"İçtihat Metni"
MAHKEMESİ :İş Mahkemesi
KARAR : Davanın kısmen kabulü
TEMYİZ EDENLER : Taraf vekilleri
Taraflar arasında İlk Derece Mahkemesinde görülen ve istinaf incelemesinden geçen alacak davasında verilen karar hakkında yapılan temyiz incelemesi sonucunda, Dairece Ankara Bölge Adliye Mahkemesi 8. Hukuk Dairesi kararının kaldırılmasına ve İlk Derece Mahkemesi kararının bozulmasına karar verilmiştir.
İlk Derece Mahkemesince bozmaya uyularak yeniden yapılan yargılama sonucunda; davanın kısmen kabulüne karar verilmiştir.

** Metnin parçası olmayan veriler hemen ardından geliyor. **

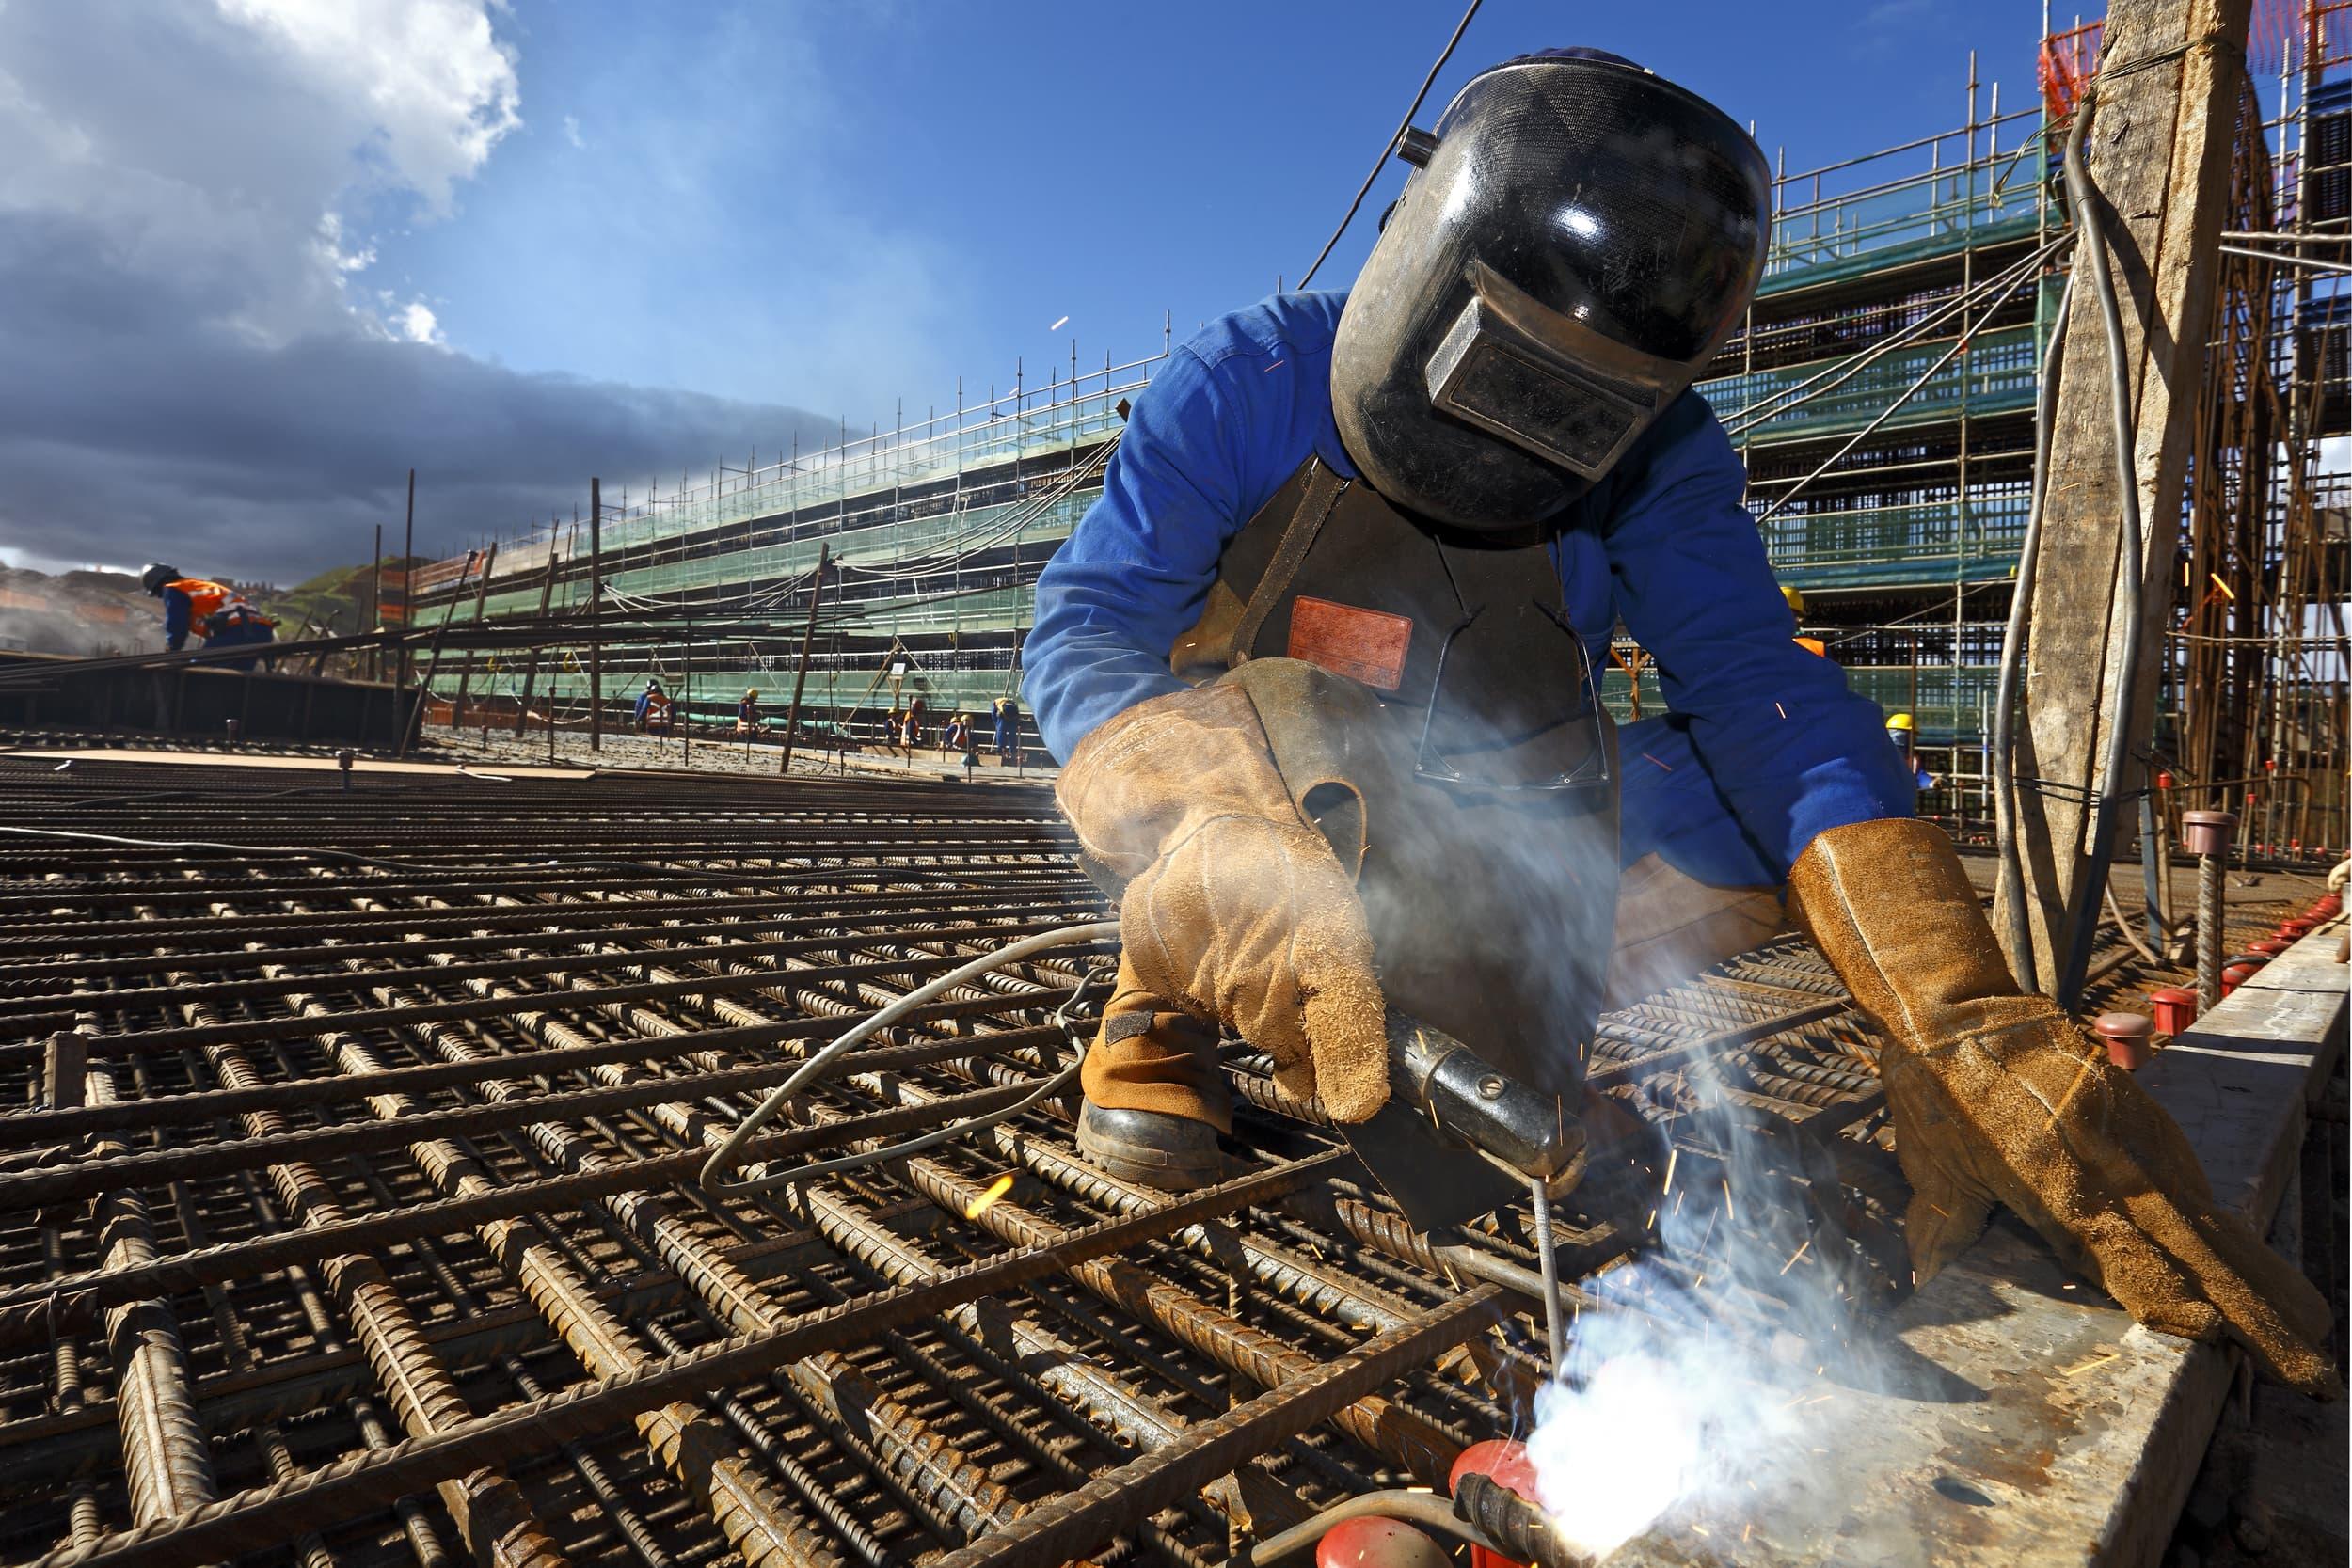 Compliance Training Online Hot Work Construction course

İlk Derece Mahkemesi kararı taraf vekillerince temyiz edilmekle; kesinlik, süre, temyiz şartı ve diğer usul eksiklikleri yönünden yapılan ön inceleme sonucunda, temyiz dilekçelerinin kabulüne karar verildikten ve Tetkik Hâkimi tarafından hazırlanan rapor dinlendikten sonra dosyadaki belgeler incelenip gereği düşünüldü:
I. DAVA
Davacı vekili dava dilekçesinde; müvekkilinin davalı Şirketin ... Havalimanı projesinde 09.09.2018-07.05.2020 tarihleri arasında çelik montaj ustası olarak çalıştığını, davalı ile aylık net 1.700,00 Amerikan Doları (USD) ücret ile anlaşarak çalışmaya başladığını ancak fiilî olarak kendisine her ay ücreti karşılığı ... Dinarı (...) cinsinden ödeme yapıldığını, iş sözleşmesinin davalı tarafından feshedildiğini, tazminatlarının ödenmediğini, ödenmeyen ücret alacağı bulunduğunu, fazla çalışma yaptığını, hafta tatili, ulusal bayram ve genel tatil günlerinde çalıştığını, karşılığı ücretlerin ödenmediğini, yıllık ücretli izinlerin kullandırılmadığını ileri sürerek kıdem ve ihbar tazminatları ile ücret alacağı, yıllık ücretli izin, fazla çalışma, hafta tatili, ulusal bayram ve genel tatil ücreti alacaklarının ... cinsinden faiziyle birlikte davalıdan tahsiline karar verilmesini talep etmiştir.
II. CEVAP
Davalı vekili cevap dilekçesinde; davacının kendi çalışanları olmadığını, davacının çalışmasının davalı ... Sanayi ve Ticaret AŞ’nin tüzel kişi ortak olarak yer aldığı ... Şirketinde bulunduğunu, davalı Şirket ve ... Şirketi arasında da iş hukuku anlamında herhangi bir organik bağın bulunmadığını, husumet itirazında bulunduklarını ve taleplerin zamanaşımına uğradığını, davanın ... kanunlarına göre çözülmesi gerektiğini, davacının iş sözleşmesinin devamsızlık nedeniyle sona erdiğini, fazla çalışma ve tatil günleri çalışmalarına dair iddiaların gerçeği yansıtmadığını, çalışma karşılıklarının ödendiğini, yıllık ücretli izinlerin kullandırıldığını savunarak davanın reddini istemiştir.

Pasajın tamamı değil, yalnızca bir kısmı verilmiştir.